Fuzzy Logic Model For Predicting Of Cutting Force In Turning Of

advertisement
Fuzzy Logic Model For Predicting Of Cutting Force In Turning Of Hardened 17-4 PH Stainless Steel
Ali KALYON*, Mustafa AY*
*Karabuk University, Technology Faculty, Karabuk
*Marmara University, Technology Faculty, İstanbul
Abstract
Turning is the most important production technique among machining processes. The studies that are being
conducted for years point out the fact that there are a number of parameters and conditions that determine the life
of cutting tools and the quality of work piece in turning. The factors influential in the life of cutting tools and the
quality of the product produced as well as such parameters as the geometrical properties of cutting tools, feed
rate, cutting speed, cutting depth, coatings, work piece and the rigidity of cutting tools all increase the life of
cutting tools and the surface quality of the product produced. They, at the same time, reduce the manufacturing
costs and energy.
This paper presents a comparison of experimental results and fuzzy logic based model for estimating the cutting
forces in turning. Cutting forces has been experimentally observed during the turning of hardened 17-4 PH
stainless steel ( EN 1.4542) through PVD coated inserts. The effect of feed rate, tool nose radius and cutting
depth on cutting forces has been examined experimentally. As a result the optimal machining, production
machining parameters for turning operations can easily be detected.

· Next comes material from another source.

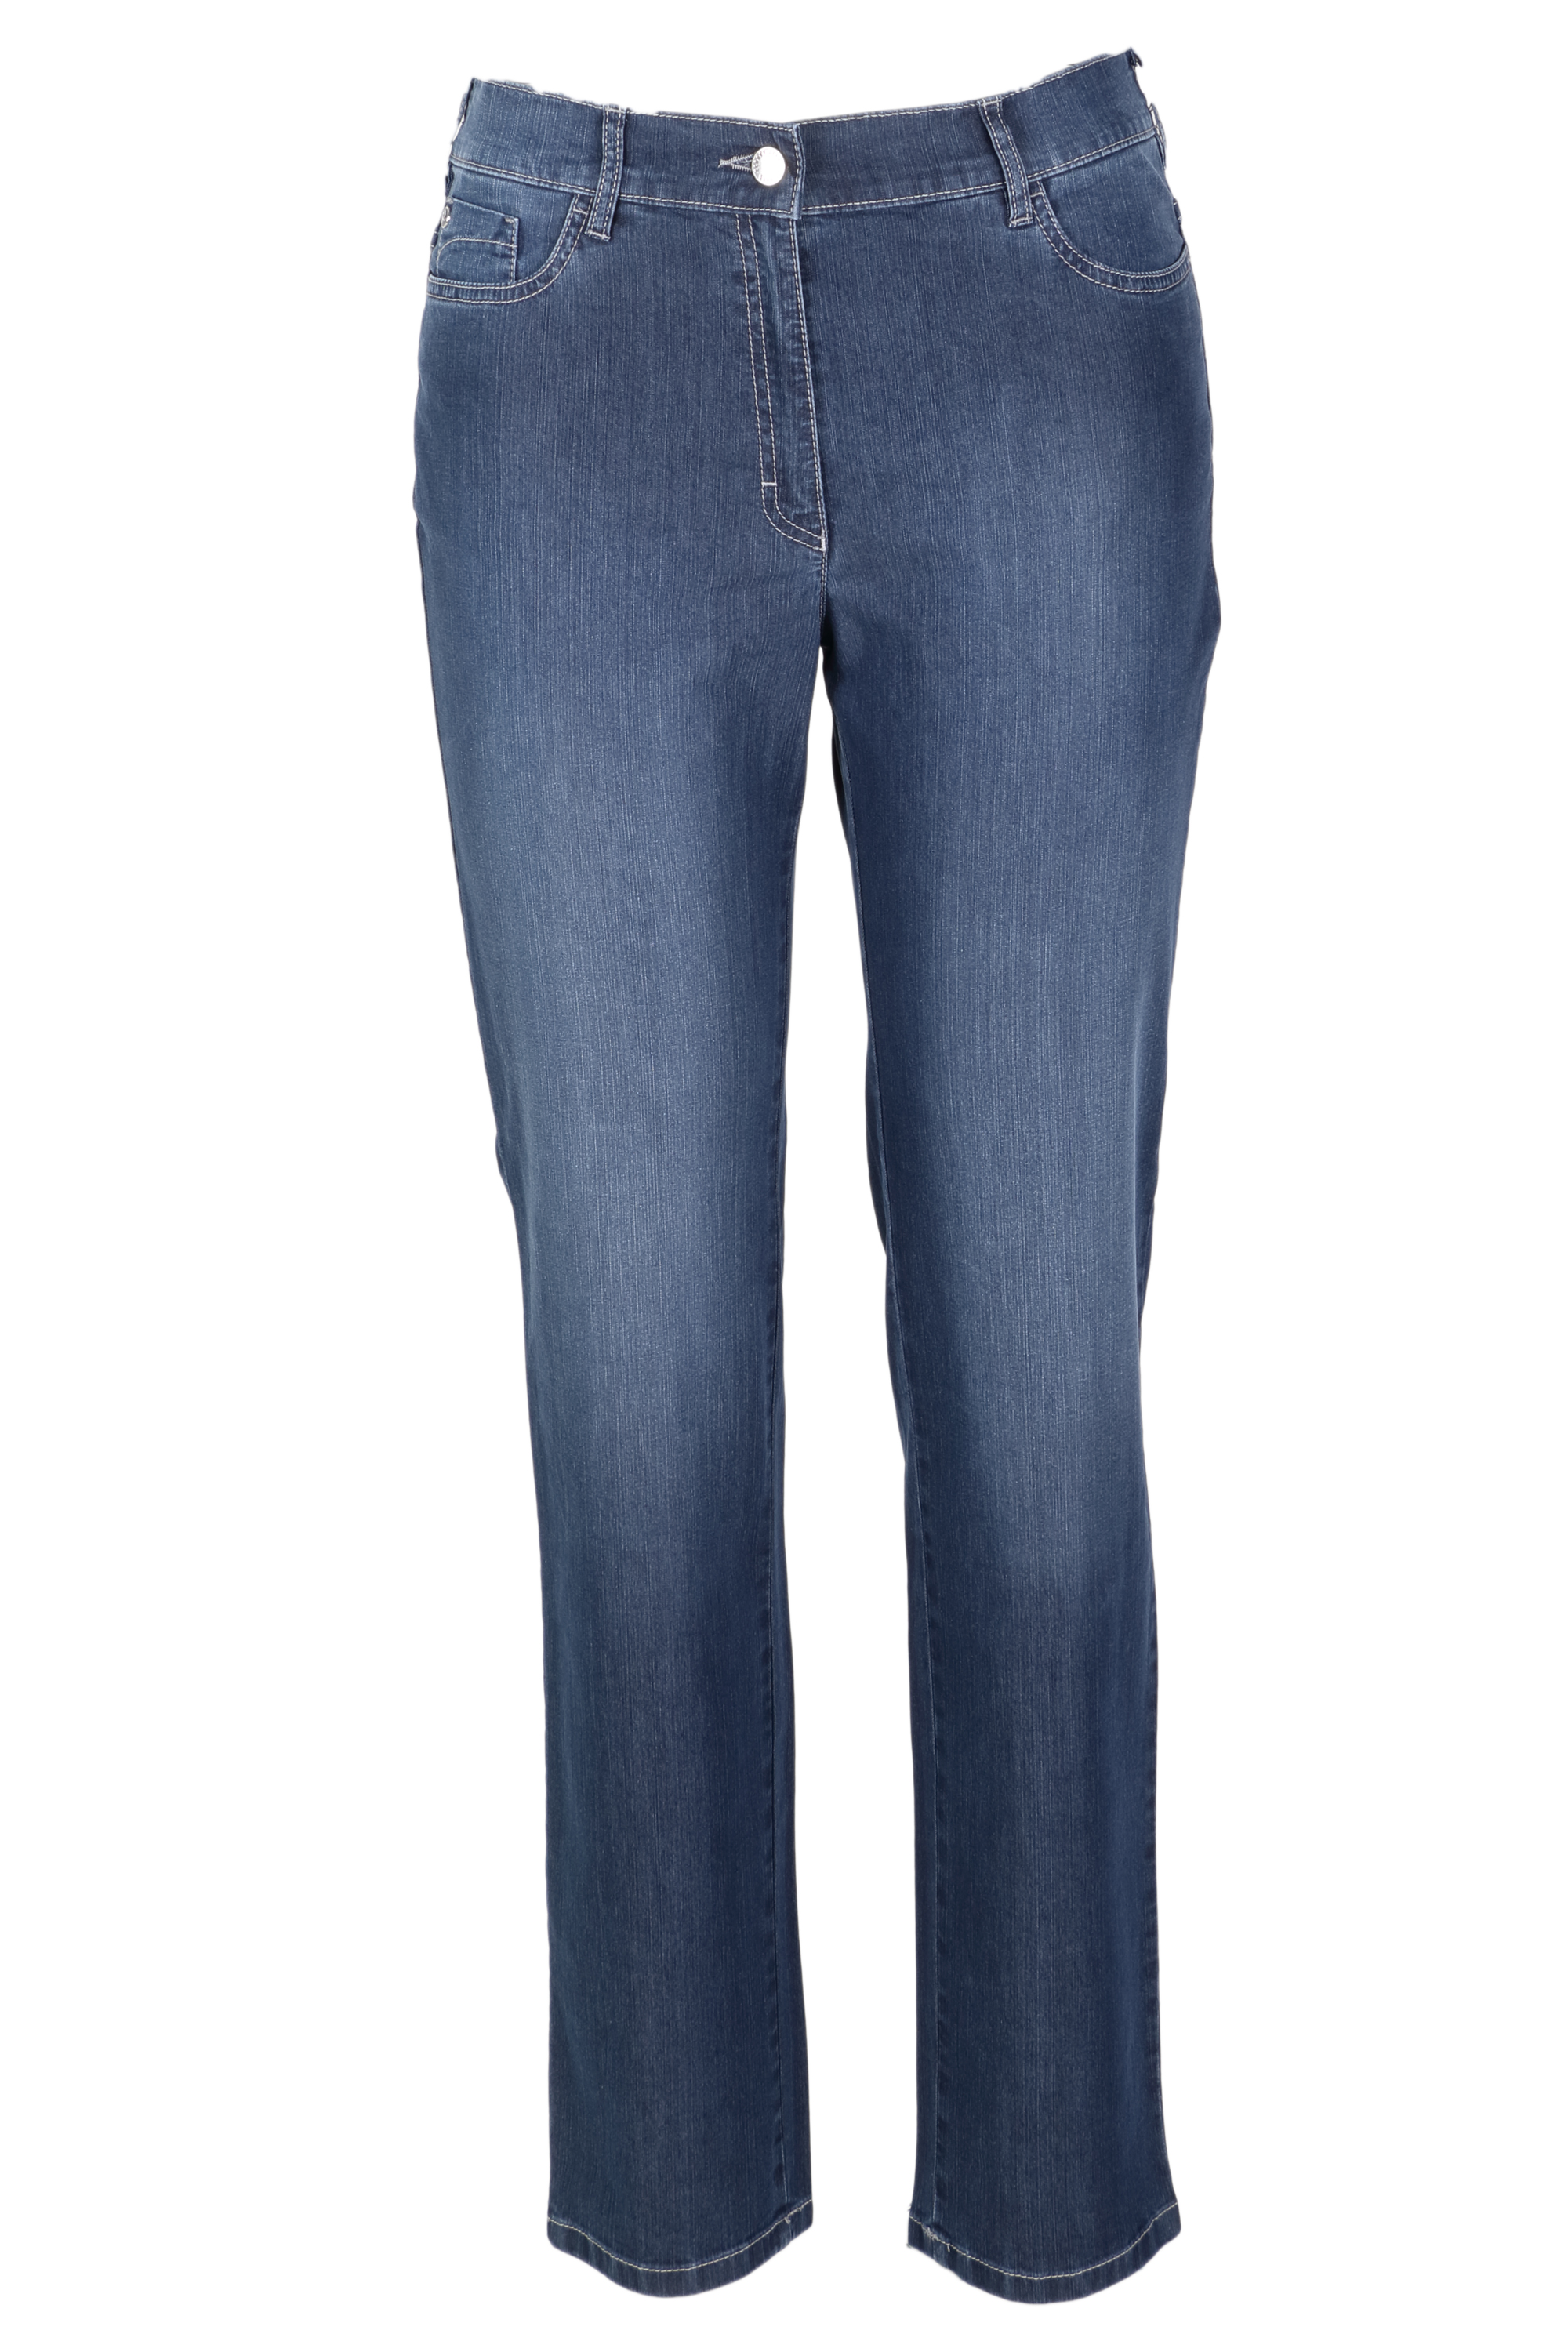 Zerres Damen Jeans Greta sommerliche Qualität - blau 44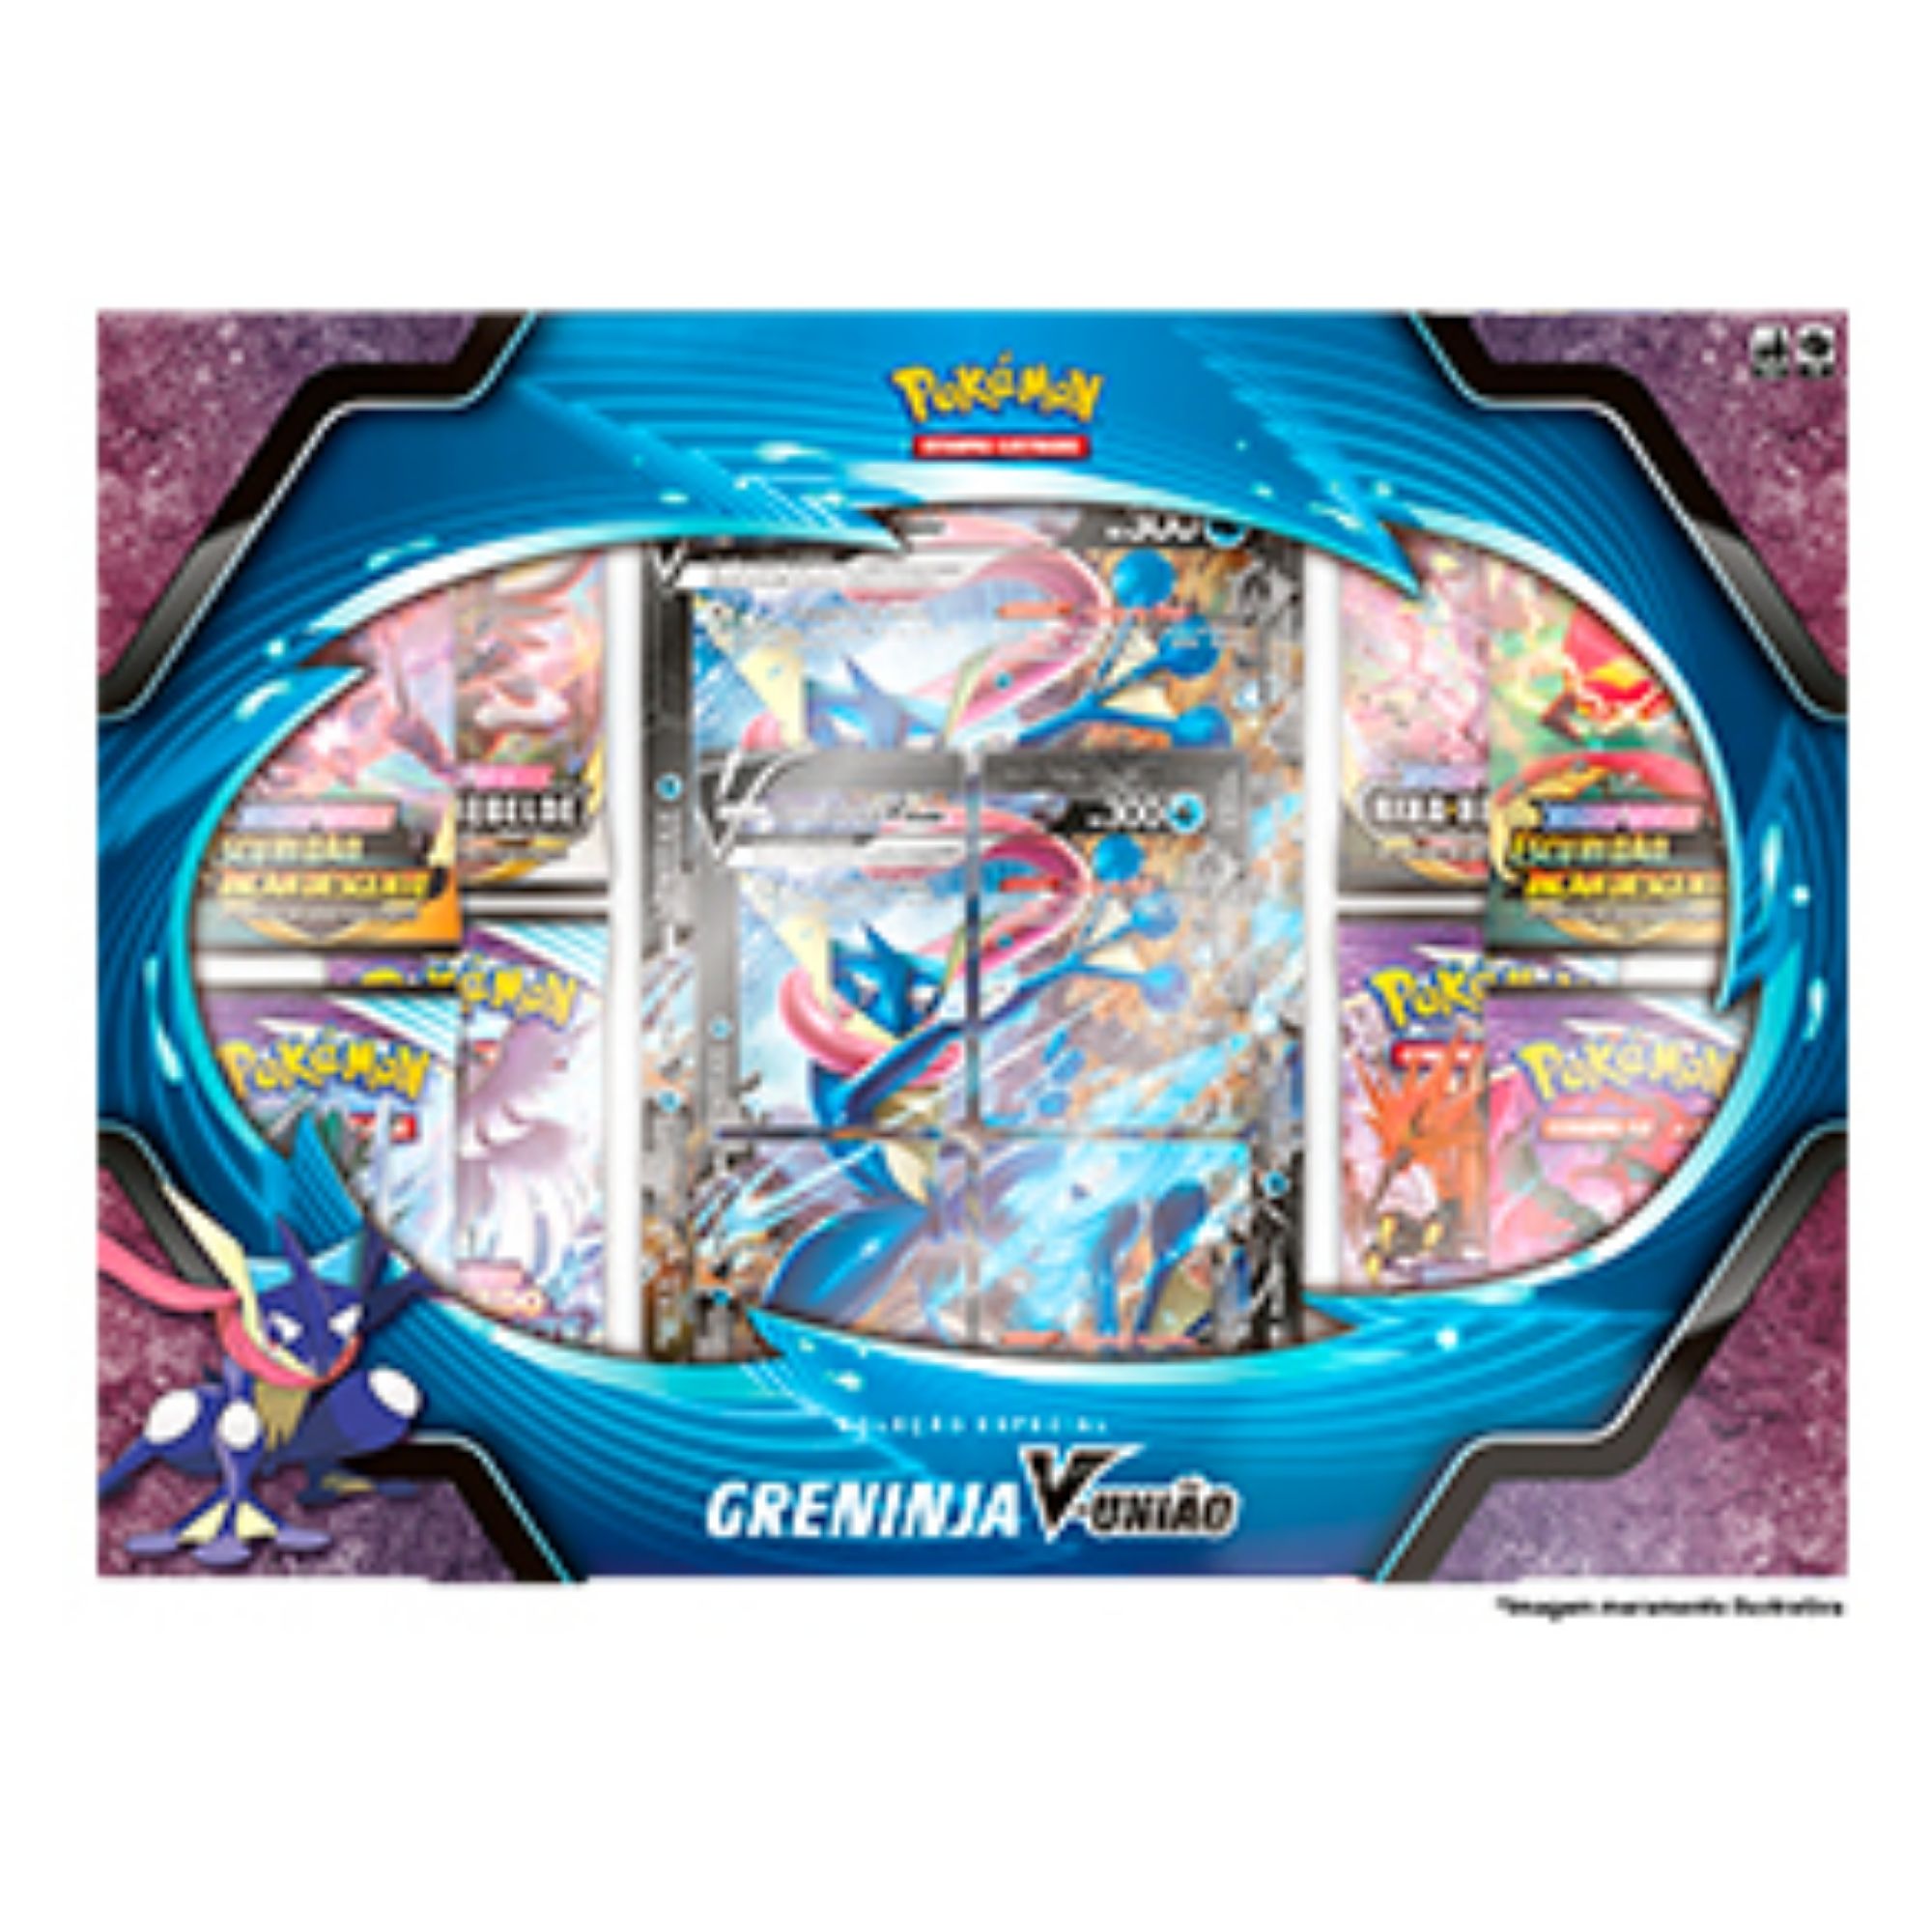 Box Coleção Especial Pokémon Espada e Escudo 9: Astros Cintilantes - Greninja V-união

Keywords: Turning, Cutting Force, Fuzzy Logic
INTRODUCTION
A considerable amount of investigations has been directed toward the prediction and measurement of cutting
forces. That is because the cutting forces generated during metal cutting have a direct influence on the generation
of heat, and thus tool wear, quality of machined surface and accuracy of the work piece [1]. In machining; the
significance of optimizing the performance and conditions of cutting has become salient for keeping the
longevity of cutting tools and cutting down on raw materials costs through manufacturing work pieces in the
required quality. In order to achieve this, the factors that are influential in determining the life of cutting tools
and the quality of work piece are being examined by the scientists.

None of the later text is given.